State and explain two of these differences. (3 marks)
Run-off fertilizers increases the amount of mineral ions in water; leading to excessive of growth of water plants and algae //algal blooms; hence eutrophication (explanation of eutrophication);
Run –off fertilizers may alter pH of the water hence negatively affecting organisms in the water;
- (a) Describe the adaptations of the essential parts of entomophilous flowers to pollination.(6 marks)
They have small anthers, which are firmly attached to the filament; to resists breakage when insects make contact;
They have large, heavy, and rough pollen grains; to stick onto the body of the insects.
They have stigmas, which are small, sticky and occur inside the flower; so that pollen on insects’ bodies easily stick onto them;
Note: essential parts = parts used in reproduction
(b) Using a named example, describe the events from pollination to double fertilization. (14 marks)
Once the pollen grains land on the stigma, the stigma produces a sticky chemical substance; that provides a suitable medium for generation of the pollen tube from the pollen grains;
As the pollen tube grows down the style; it receives nutrients from the surrounding style tissues;
The tube nucleus takes its position just behind the tip of the pollen tube;
The generative nucleus divides mitotically; to form two male nuclei;
The pollen tube enters the ovule through the micropyle; and bursts open creating a clear way for the passage of the two male / generative nuclei;
Once the pollen tube bursts, the pollen tube nucleus degenerate;
One of the male (generative) nuclei fuses with the polar nuclei; to form a triploid primary endosperm nucleus;
The second male (generative) nucleus fuses with the egg cell nucleus; to form a diploid zygote;
- (a) Describe how the mammalian eye is adapted for accommodation. (6 marks)
The iris; is opaque and contractile; to control light intensity/ amount of light entering the eye (by controlling the size of the pupil);
Ciliary body; contains ciliary muscles; which are contractile; for controlling the curvature and hence focal length of the lens.
Suspensory ligaments; are fibrous; to hold the lens in position.
Have a transparent; biconvex lens; to allow light to go through; to refract the light; and to focus the light.
External eye muscles; is contractile; to move the eyeball (within the socket).
(b) Describe the mechanism of hearing in man. (14 marks)
When sound waves are trapped by the pinna, they are directed inwards into the auditory canal and then to the ear drum.
Wax in the auditory canal trap dust particles and microorganisms in air.

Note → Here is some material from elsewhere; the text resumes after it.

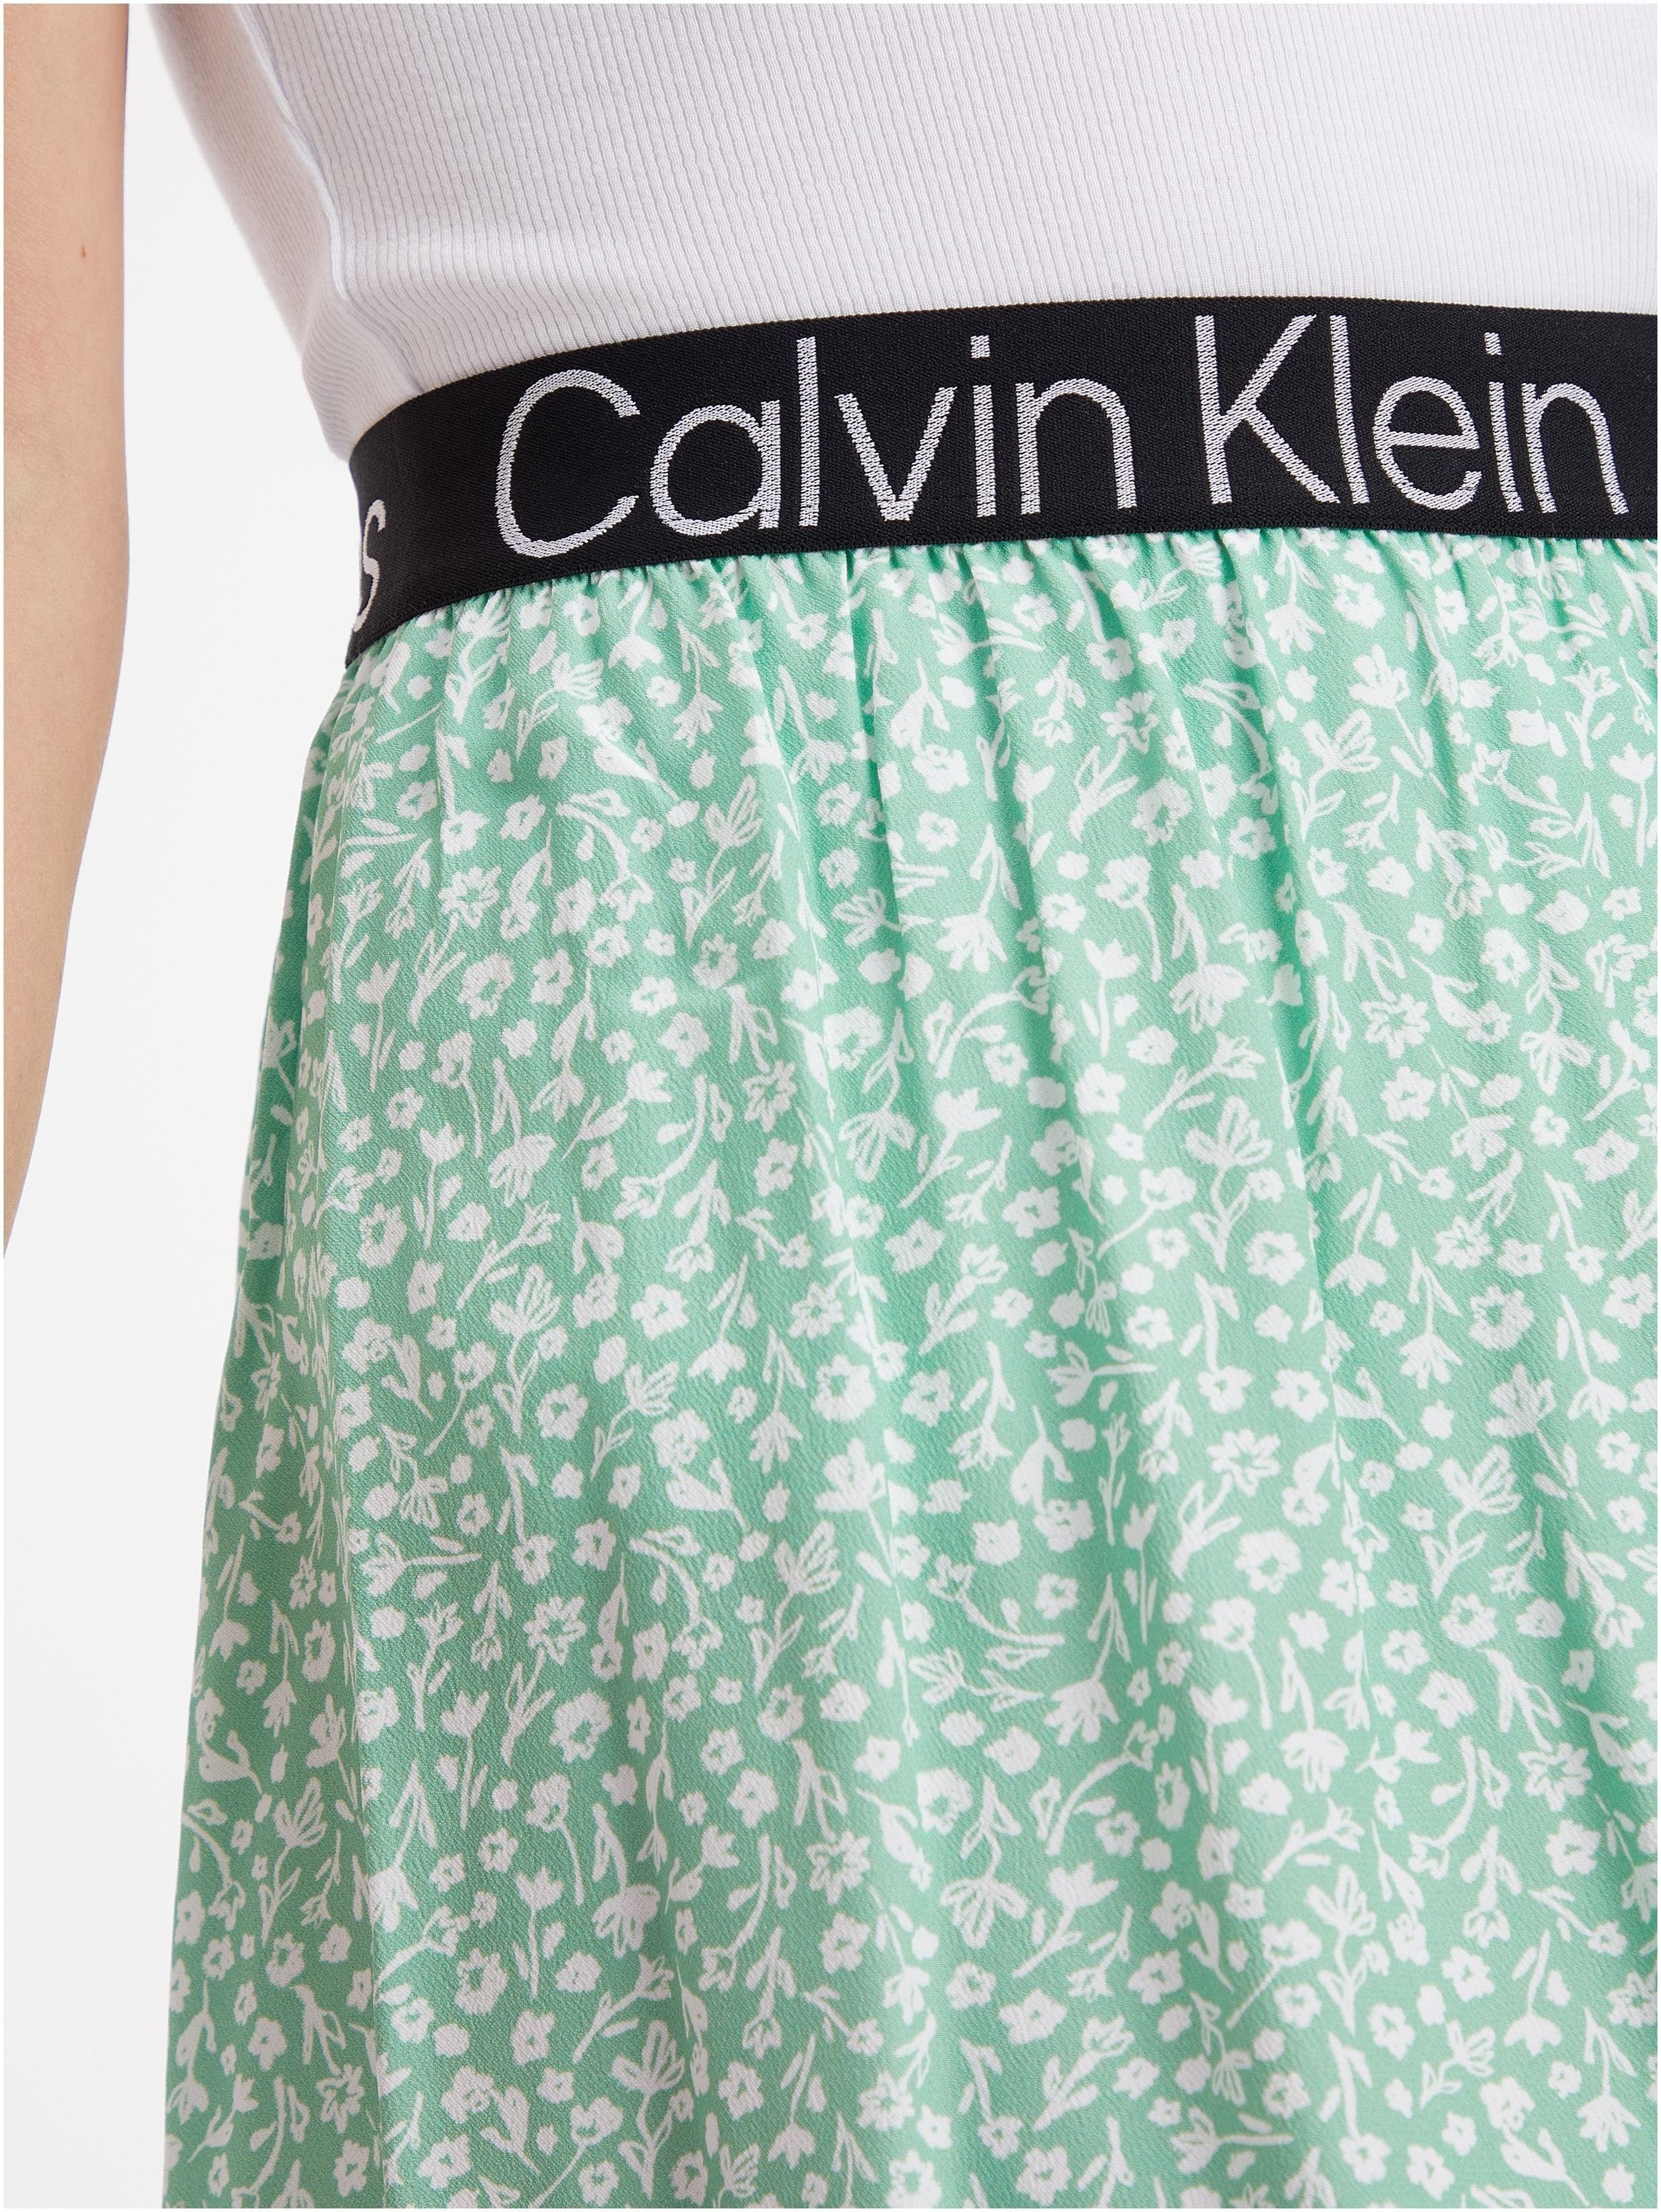 weiß elastischem Jeans-Bund Jeans Minirock hellgrün, Klein Calvin mit Klein Calvin

The sound waves cause the eardrum to vibrate with the same intensity as the sound waves; thereby converting the sound waves to vibrations.
The vibrating eardrum causes the ear oscicles (malleus, incus, and stapes) to vibrate inturn.
The oscicles amplify and transmits the vibrations to the oval window (fenestra ovalis).
The vibrations of the oval window are transmitted to the fluid (perilymph) in the cochlea i.e. within the vestibular canal of cochlea.
The perilymph transmits vibrations into the endolymph;
Displacement / movement of the endolymph causes the movement of the sensory hair cells within the organ of corti;
This movement of the hair generates impulses in the sensory hair cells.
The impulses are transmitted into the brain (cerebrum) via the auditory nerve.
The brain then translates the impulses to perception of sound.